◆ Task description
Using the listing below, retype exactly the lines starting at the one with "CHFJPY is moving" and ending at the one with "ubehageligt lys pære", and include both.

◆ Data extract
────────

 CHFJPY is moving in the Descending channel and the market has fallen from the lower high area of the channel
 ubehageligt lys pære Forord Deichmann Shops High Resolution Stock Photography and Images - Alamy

────────

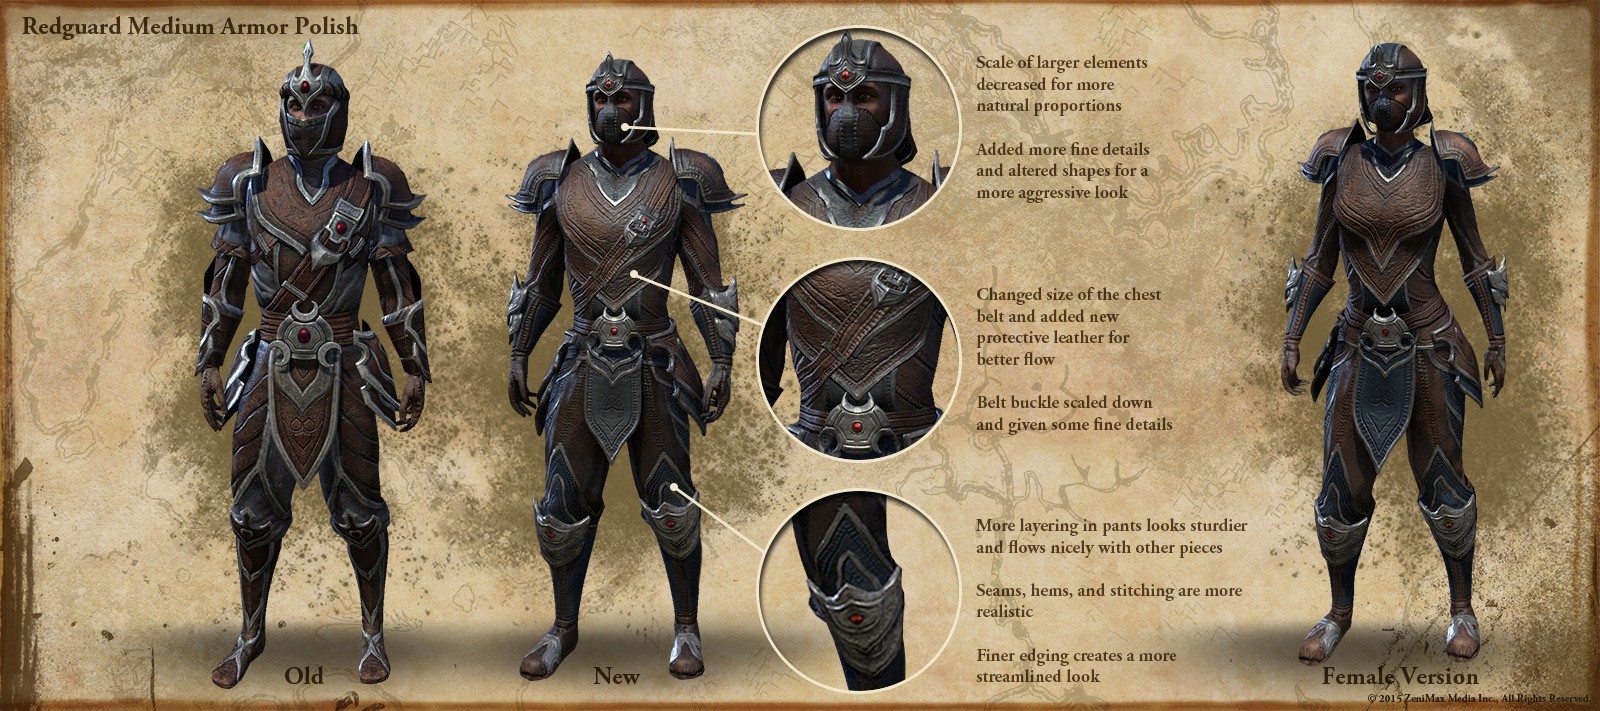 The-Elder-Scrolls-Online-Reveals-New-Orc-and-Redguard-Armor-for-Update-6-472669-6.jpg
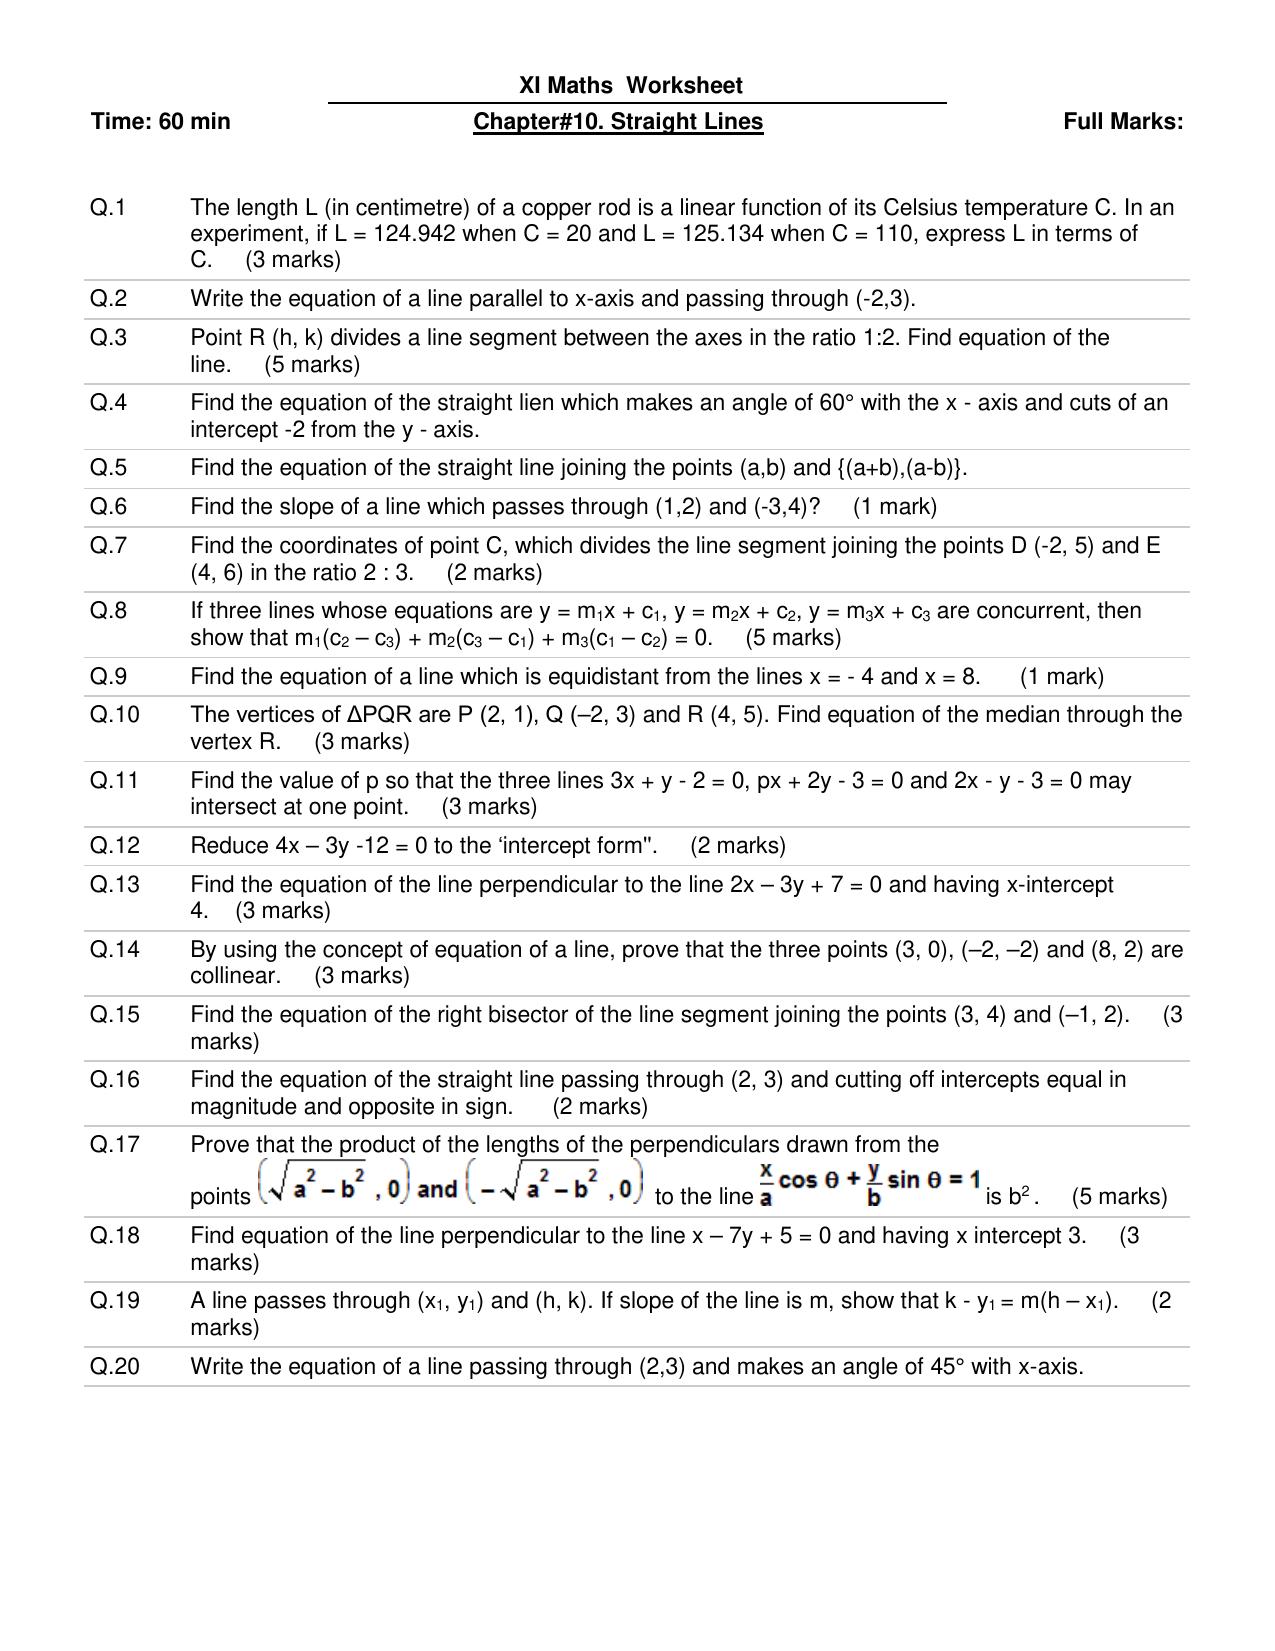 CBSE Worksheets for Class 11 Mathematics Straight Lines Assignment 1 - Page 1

────────

◆ Written answer
 CHFJPY is moving in the Descending channel and the market has fallen from the lower high area of the channel
 ubehageligt lys pære Forord Deichmann Shops High Resolution Stock Photography and Images - Alamy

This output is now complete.